Alleysa berjalan seorang diri menuju ke toilet mendengar suara samar di depan pintu masuk toilet wanita itu.


"Emangnya enak makanya jadi adek kelas jangan kegatelan Lo. Udah gue bilangin jangan deketin Sean" ucap gadis itu murka.


Prang.


Suara bantingan sebuah pecahan membuat Alleysa berlari menuju bilik toilet itu.


"Kalian apa-apaan sih?" Ucap Alleysa kaget melihat salah satu orang itu hendak menusukan sebuah kaca ke leher gadis berkacamata itu.


Alleysa mendorong tubuh gadis itu hingga tersungkur.


"Kalian gila" sentak Alleysa yang tak habis pikir dengan kelakuan kedua siswi itu.


Gadis yang tersungkur itu berdiri kemudian mendorong tubuh Alleysa.


"Jangan ikut campur urusan gue" ucapnya kasar.

__ADS_1


"Gue nggak akan ikut campur jika Lo nggak semena-mena kayak gini, Lo pikir sekolah ini punya Lo sampe seenaknya Lo ngebully dia kayak gini" ucap Alleysa tanpa rasa takut meskipun gadis itu memegang serpihan kaca.


"Jangan ikut campur Lo dasar *****" ucap gadis yang bernamtag Chika Arrabella.


"Nggak liat Lo yang ***** pakek baju kurang bahan kayak gini!" Teriak Alleysa murka.


"Lo" ucap gadis yang memegang serpihan kaca, mendorong tubuh Alleysa mendekat ke arah wastafel.


"Kalo gitu Lo aja yang jadi ganti dia" ucap Hanin menjambak rambut cokelat Alleysa.


Alleysa tak tinggal diam ia juga membalas jambakan gadis itu balik.


"Mati Lo tukang ikut campur" teriaknya murka.


"Dasar orang sinting".


"*******".


Gadis berkacamata itu menagis di pojokan memeluk tubuhnya ketakutan ia ingin menolong Alleysa yang serbu dua kakak kelasnya. Namun ia terlalu takut.


Bukk


Alleysa mendorong gadis bernama Hanin itu hingga ia terjatuh tepat di serpihan kaca di lantai.


"KALIAN APA-APAAN" bentak Sean ketika melihat kekacauan di toilet wanita itu.


"Alleysa!" Ucapnya tak percaya ketika orang yang terlibat dalam keributan itu adalah tunangannya.


"Sayang sakit" ucap Hanin melas ketika melihat Sean masuk kedalam toilet itu.


Sean menoleh melihat Hanin dengan lutut putihnya mengeluarkan darah.


Sean menghampiri Hanin dengan paniknya membantu gadis itu berdiri.


"Lo apaain Hanin lley?" Tanyanya dengan nada sarkasik.


"Coba tanya sama cewek Lo apa yang udah dia lakuin sebelum nanya ke gue" ucapnya kemudian berjalan mendekati gadis berkacamata yang menunduk dengan keadaan kacau. Menarik tangan gadis itu keluar dari toilet yang di penuh di kerumunan murid.


"Alleysa?" Tanya Hendrik ketika melihat gadis blasteran itu keluar dengan menggandeng tangan gadis yang tubuhnya sangat acak-acakan.

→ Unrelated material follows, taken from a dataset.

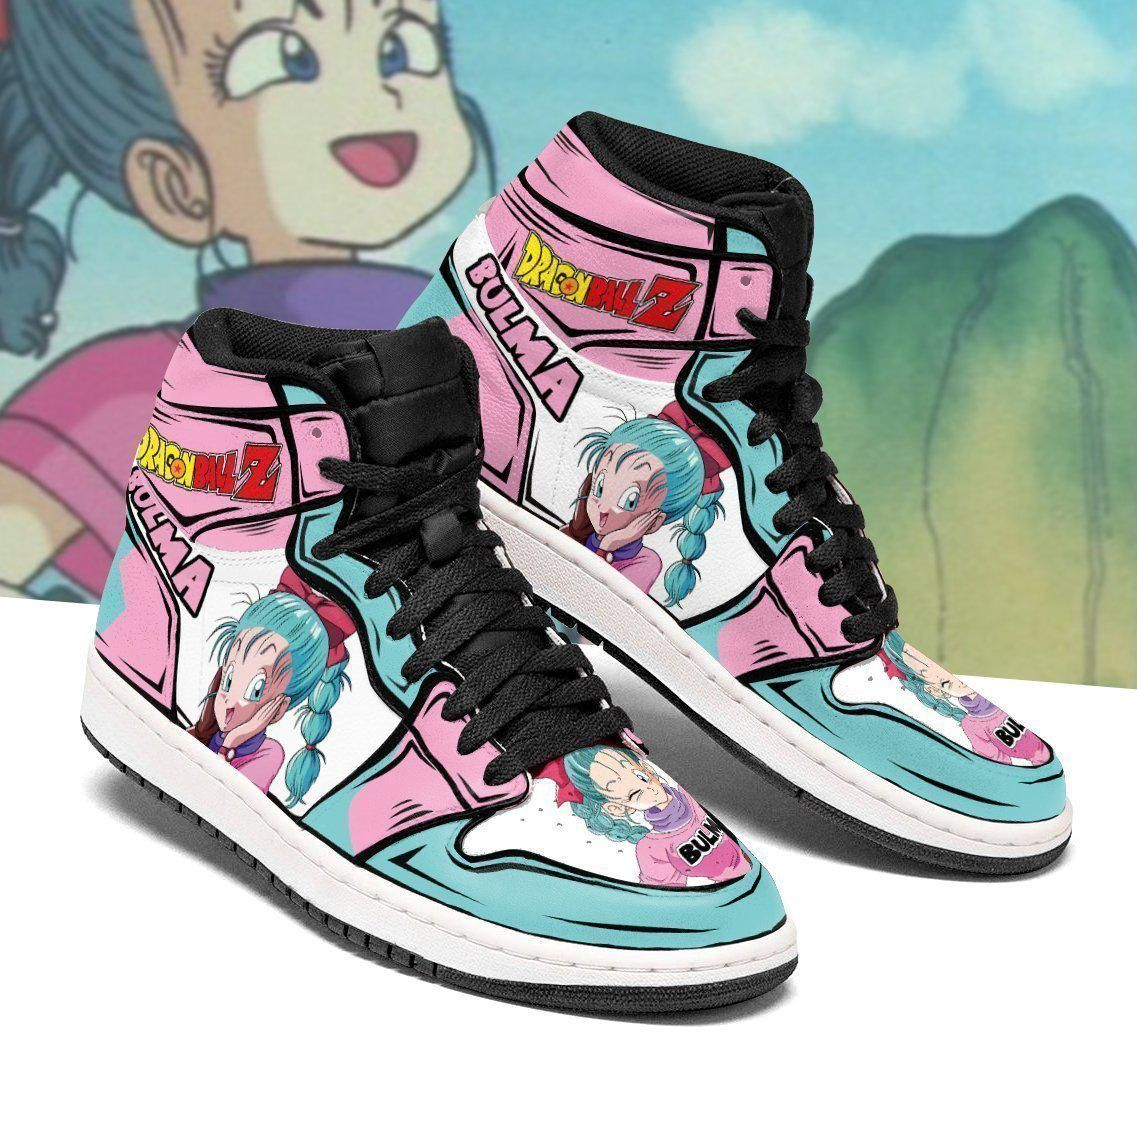 DBZ Bulma Sneakers Custom Anime Dragon Ball Z Shoes GO1210

"Emangnya mereka kenapa?" Tanya Hendrik sambil meminum popice cokelat kepada seorang gadis yang berada di kerumunan.


"Itu kak, kak Hanin katanya ngelabrak cewek culun yang pakek kaca mata kalo nggak salah sih cewek itu deketin kak Sean pas lomba di Belgia" ucap gadis itu dengan gugup.


"Oh" ucap Hendrik singkat kemudian berjalan menjauhi toilet wanita pergi ke basecamp mereka di sekolah.